Мир оказался огромным, широким и волнующим. Ему было жаль, что он не знал этого раньше, не осознавал его пестроты и размаха.

Люди, которых он видел за окном, были озабочены, он знал это, они боялись, как бы у них неожиданно что-то не заболело, или как бы им, точно так же неожиданно, не умереть во сне, или не упасть с коня и не свернуть шею, или как бы поезд, в котором они едут, не сошел с рельсов, не рухнул в ущелье, а они не утонули в глубокой реке… Он представлял себе все, чего только могли бояться люди.

Давид не боялся ничего, ни боли, ни смерти, и у него было преимущество перед ними. Их жизни были мелкими и несчастными, они дрожали над ними, как осужденные, которых наутро должны гильотинировать, а он жил, не раздумывая о том, сколько ему еще осталось и встреча с каким злом ждет его, может быть, совсем скоро. Когда он заставлял себя думать об этом, чтобы, может быть, таким способом понять, каково им, он ощущал безразличие и, уж во всяком случае, представляя себе собственную или чью бы то ни было смерть, не чувствовал, что ему страшно.

Между собственной жизнью и смертью он не видел никакого несоответствия или причины затягивать что-то одно в пользу другого. Со всякой болью он был знаком не понаслышке и принимал ее так же, как принимают смену дня и ночи. Его не волновало, что никогда ему больше не видеть картин, которые вот сейчас у него перед глазами. Он не мучился от ужаса, что за смертью не последует ничего. Смирившийся с любой болью, он не чувствовал никакого страха, да и вообще ничего, что пугало бы его и о чем следовало бы задуматься.

Боль будет, она придет, так же как придет она и к людям, которые сейчас умирают от страха, в то время как он, сосредоточенный и более взрослый, чем они, смотрит на них в окно. Ему было жаль, что промелькнувшие и исчезнувшие за окнами несущегося на всех парах поезда, не оловянные солдатики, с которыми можно было бы поиграть.

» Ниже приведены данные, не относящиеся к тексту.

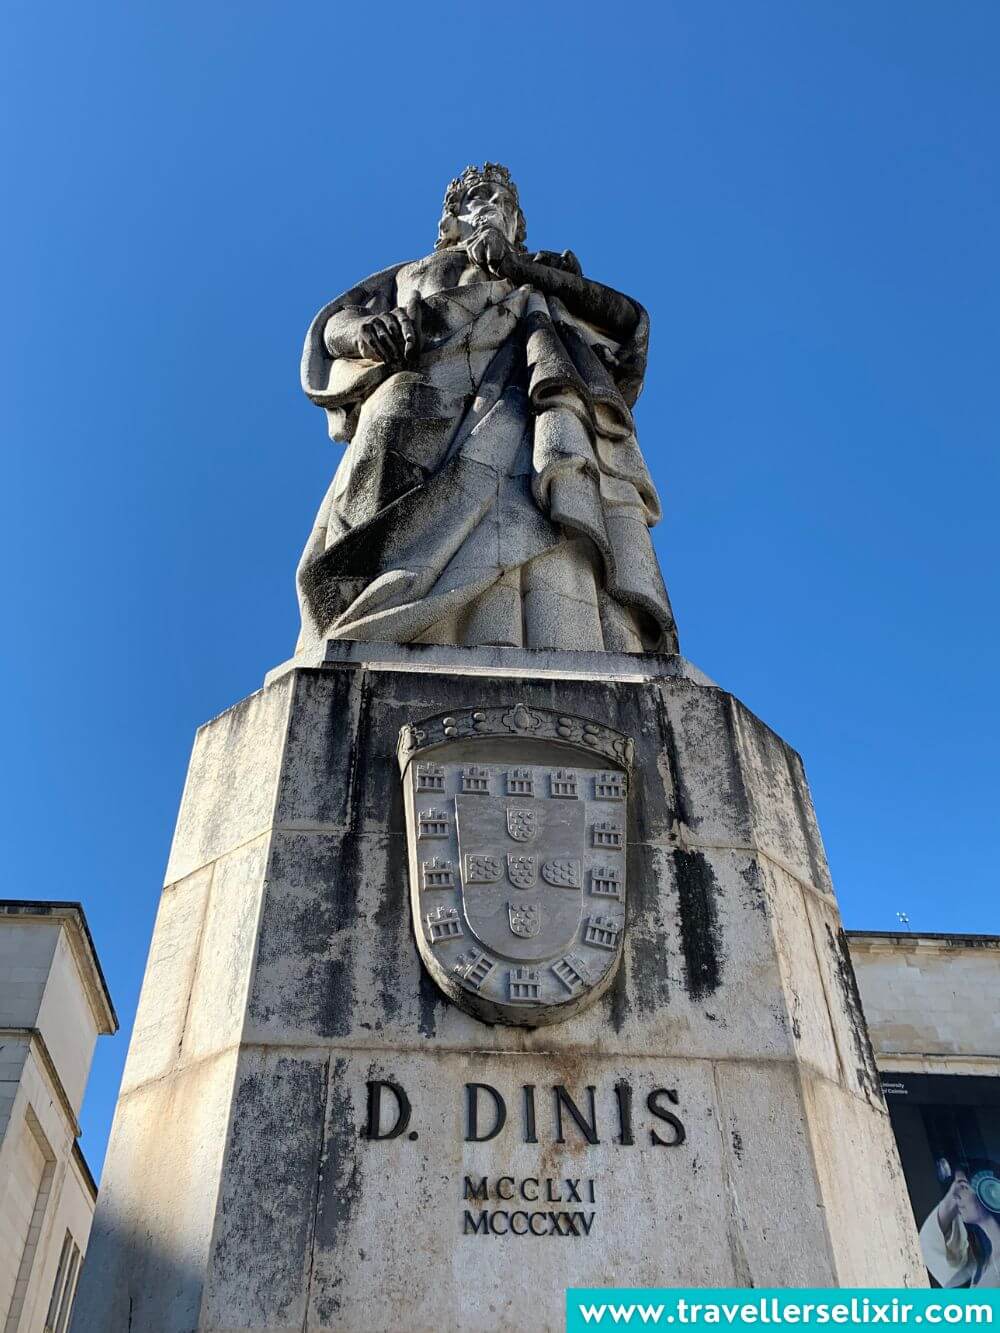 Statue of King Dinis in Coimbra.

Проснулся он в тот момент, когда состав подплывал к перрону люблянского железнодорожного вокзала.

Его напугало лицо широко улыбающегося усатого цыгана, который шел вдоль вагонов от окна к окну, предлагая пассажирам лимонад и соленые семечки. Когда Давид открыл глаза, это лицо было единственным, что он увидел, что теперь существовало на свете и в его памяти.

Мальчик расплакался, а человек за окном, увидев детские слезы, заулыбался шире, надеясь, что так он будет выглядеть более добродушным, и тогда отец, который уже стоял, склонившись к ребенку, откроет окно и купит что-нибудь с лотка, который цыган носил на ремне на шее. Из-за его тяжести он был вынужден ходить пригнувшись, отчего казался похожим на ветхозаветного раба.

Отец подумал, что было бы по-христиански купить что-нибудь у этого человека и таким образом несколько облегчить его страдания.

– Сатана! – сказал Давид, когда живой и оставшийся в его памяти мир постепенно возник из небытия и распростерся вокруг головы цыгана, и все снова стало понятно, знакомо и больше не было причин для слез.

– Никакой не сатана, просто это юг. Мы добрались до юга, люди здесь горячие и уверенные в себе. Не такие, как у нас, – сказал отец и погладил его по голове. Всякий раз, когда ему приходилось разговаривать с мальчиком на столь серьезные темы, он чувствовал гордость. И забывал тогда о болезни Давида и о том, что тому осталось недолго.

– Любляна, – вздохнул пан Хенрик, – в Любляне несчастный Густав Малер дирижировал в Опере.